Set five years after the conclusion of the Civil War, News of the World (based on the Paulette Jiles novel) tracks the very particular journey of Capt. Jefferson Kyle Kidd (a grizzled Tom Hanks) as he makes his way from small Texas town to small Texas town with a stack of newspapers from all over the nation. When he arrives, he sets up in a tent or small room and proceeds to read to the townspeople a sampling of headlines and news stories from around the country. Like any good newsman, he blends the politics and more serious items with humorous human interest pieces, giving the largely illiterate crowds a sense of what it’s like to go through a newspaper cover to cover. And since it’s Hanks doing the reading, he adds a dramatic flare for his enraptured audience that includes us as well. It’s not a job that earns him a lot of money, but each person listening pays his or her dime, and it gives Kidd enough to make it to the next town.
On the move between towns, Kidd stumbles upon the aftermath of some sort of attack or accident that has left a 10-year-old girl behind. Not speaking any English, the girl has a note with her identifying her as Johanna (newcomer Helena Zengel), the daughter of German immigrants who were attacked by the local Kiowa people six years earlier as they journeyed across the plains of Texas. Only the girl was left alive, so the Kiowa took her in and raised her as one of their own. She was on her way to be returned to her aunt and uncle hundreds of miles away, and Kidd vows to escort her either to local authorities or perhaps even all the way to her only living family members.

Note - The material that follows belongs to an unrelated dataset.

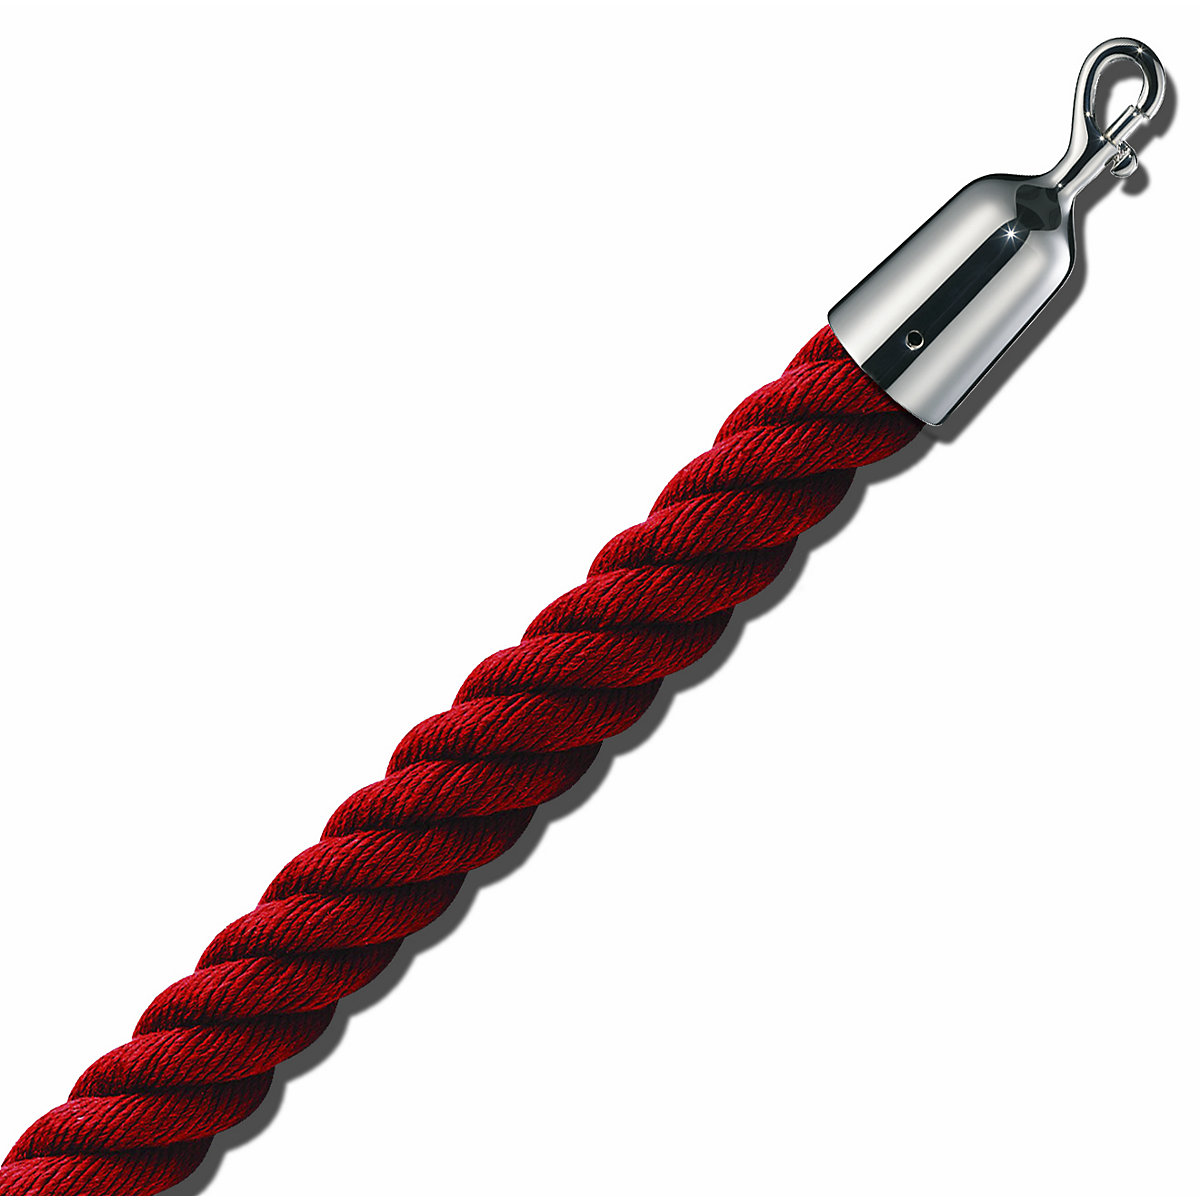 Barrier cord 1.5 m, chrome end caps, red cord-6

The rest of News of the World is the story of their long trip together, through unforgiving terrain, unexpected weather and decidedly human dangers. The trail is long, but it gives them time to learn bits of each other’s language, enough to communicate, and the two form a protective bond that helps them get through the countless challenges of the road. Being certain to avoid most conventional forms of sentimentality along the way, director/co-writer Paul Greengrass (who worked previously with Hanks on Captain Phillips) does a remarkable and touching job making certain nothing comes easy to this unlikely pair. There are multiple attempts by no-gooders to steal Johanna away from him—one particularly nasty sequence involves a three-man gang (led by Michael Angelo Covino, who is one of the filmmakers and stars of the current release The Climb)––but Kidd and Johanna use their broken languages and intelligence to win the day most times.

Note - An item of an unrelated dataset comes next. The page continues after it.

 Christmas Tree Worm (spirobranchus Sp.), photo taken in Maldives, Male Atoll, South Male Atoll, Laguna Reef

There are a handful of solid supporting performances that pop up unexpectedly throughout, including from the likes of Mare Winningham, Elizabeth Marvel, Bill Camp, and Christopher Hagen as Old Man Durand, who runs a town of workers who aren’t quite ready to admit the war between the states is over. It’s one of the film’s rare moments of overt commentary about the state of politics today, as Durand spins tales to his town’s residents about his history and the history of the town that are fictitious, wanting Kidd to only read news stories about him. But when Kidd gets before the eager crowd, he has something different in mind, encouraging free thought and resisting Durand’s version of fake news.

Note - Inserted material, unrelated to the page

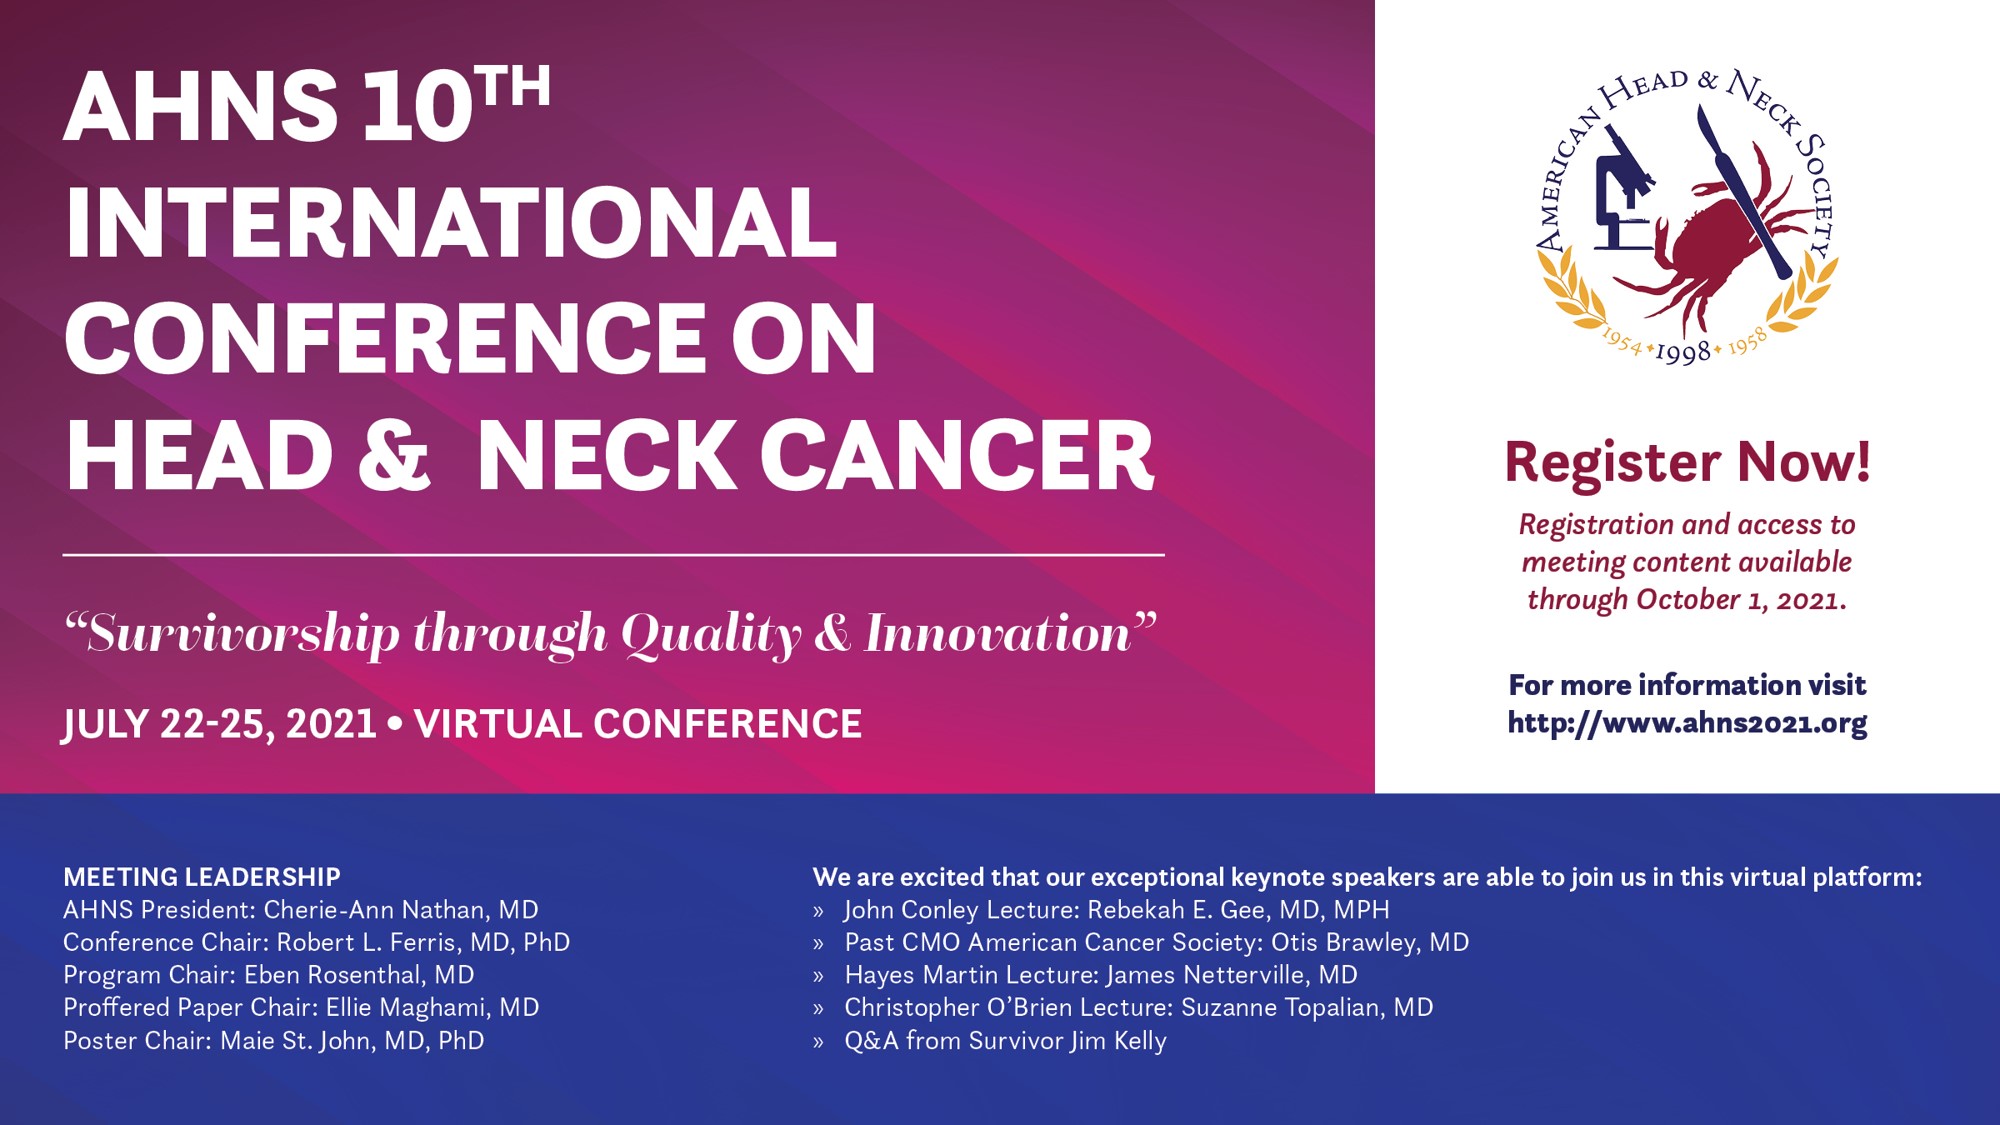 AHNS 10th International Conference on Head and Neck Cancer

It’s clear that News of the World is also about finding one’s way home, an idea that many of us are struggling to do right now. Is home for Johanna a beatdown farm where her relatives have no idea what to do with her? Kidd is also desperate to create a home for himself after he lost his version of it during the war, so letting someone like Johanna into his life is more difficult than one might suspect. And while the conclusion of the movie isn’t that difficult to predict, that doesn’t take away from its highly emotional and deeply satisfying conclusion. A filmmaker has to make a real effort to botch a Tom Hanks movie, and thankfully Greengrass knows his material and his lead actor well enough to make News of the World something special.
News of the World opens in theaters (where theaters are open) on Friday, December 25.